Criteria for a food defense plan

Keller and Heckman said it establishes criteria for ‘food defense’ plans facilities must implement to address hazards that may be introduced with the intention to cause wide scale public health harm.

With some exceptions, the rule applies to plants that manufacture, process, pack, or hold human food and are required to register with FDA.

The final rule is effective July 26, 2016. Companies have three years from the effective date to comply, i.e., July 26, 2019. Small businesses (< 500 full-time equivalent employees) must comply within four years, i.e., July 27, 2020. 

It specifies three elements that must be evaluated when a facility conducts a vulnerability assessment: (1) the potential public health impact (e.g., severity and scale) if a contaminant were added; (2) the degree of physical access to the product; and (3) the ability of an attacker to successfully contaminate the product, said Keller and Heckman.
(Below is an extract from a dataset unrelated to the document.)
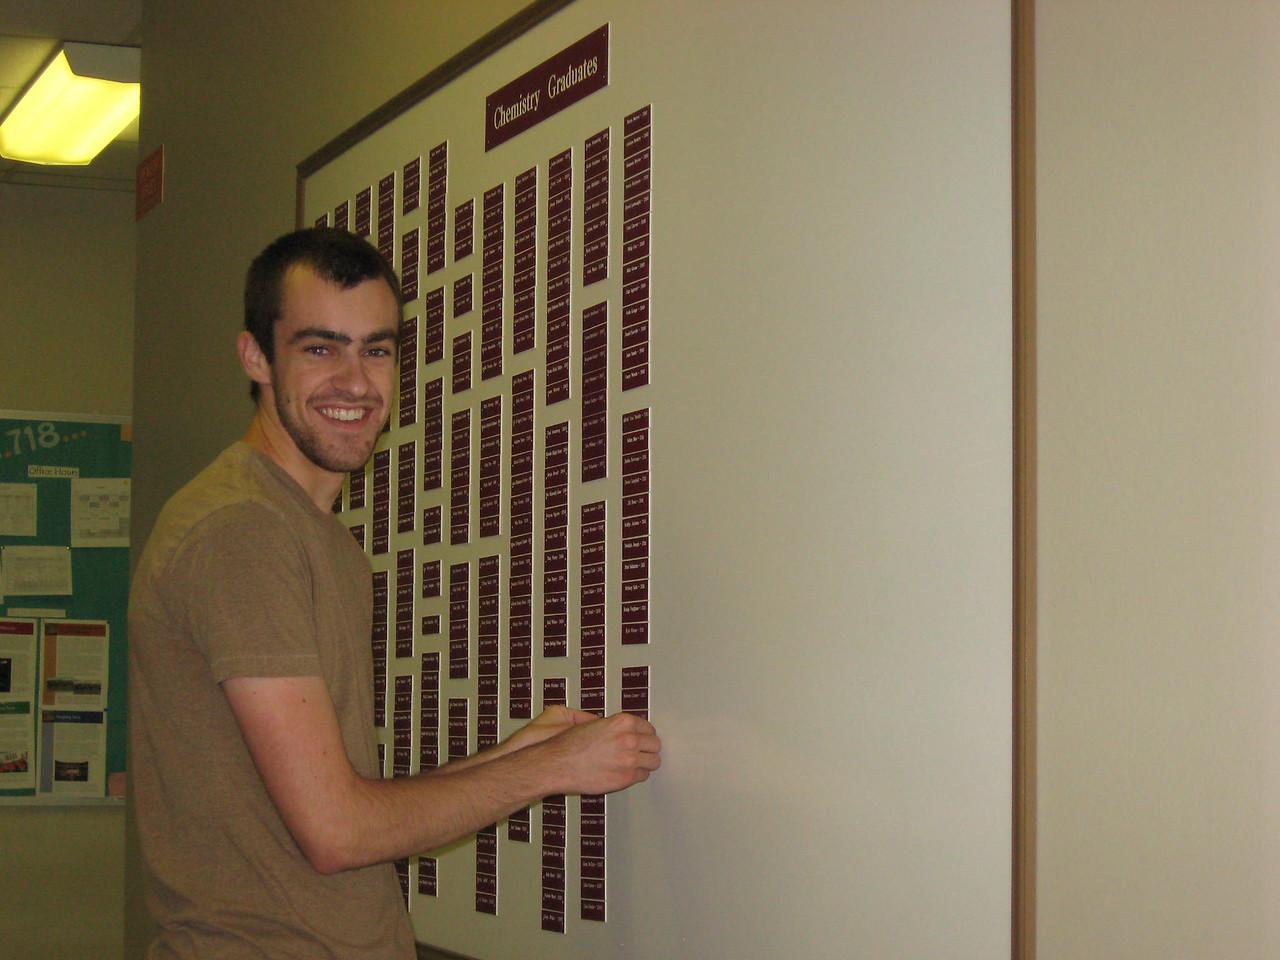 Jared Evatt putting hisr nameplate on the Chemistry Graduates board.

A food defense plan must include a vulnerability assessment, mitigation strategies, mitigation strategies management components such as monitoring, corrective actions and verification, reanalysis at least once every three years and recordkeeping requirements, the law firm added.

FDA resources and industry action

Angela Spivey, partner at McGuireWoods, said with more than 200 comments on the rule, which was proposed in December 2013, it was one of the most commented on.

“Outside of small incidents there is no recent history of intentional incidents. This rule is significant in FSMA to make that preventative leap,” she told us.

“With formal regulations a lot of large manufacturers are already doing and have had food defence for vendors for decades and the small entities are exempt.

“It is the middle-size entity who is concerned as there is a lot of cost for preventative controls. To do a self-evaluation on a facility wide basis on controls points and validation is costly. Mid-level companies have some defence plan in place but it is not specific and customised to the facility, verified and validated.

“Next is the implementation. Industry is competent enough to implement and adhere to the controls. From an FDA perspective it is about enforcement with the limited resources where to focus and there is a lot to inspect in a short period of time.”  

The law firm said the rule focuses on larger companies whose products are more likely to reach greater numbers of people.

“Covered domestic and foreign food facilities for the first time will be required to prepare written food defense plans based on identified vulnerabilities at each facility, monitor and verify mitigation strategies, prepare for corrective actions, and ensure that personnel are properly trained and maintain appropriate records.”

FDA has said that compliance with voluntary industry standards of the Global Food Safety Initiative (GFSI), the International Featured Standards (IFS) Food Standard, and the Safe Quality Foods (SQF) Code will not be sufficient to comply with the Food Defense Rule.

However, the agency added existing records may be used to comply with new requirements, and it might consider participation in such programs when prioritizing risk-based inspections of facilities.

McGuireWoods said FDA has put the focus on “the inside attacker”.

FDA gave the example of a contract employee who exploited access to pre-packaged fish at a foreign facility in 2013 and injected the fish with the pesticide Malathion.

Although authorities believed the motivation was to harm the company and not the public, FDA points to the recall of 6.4 million packages of fish as an example of the harm that can be caused by an inside attacker.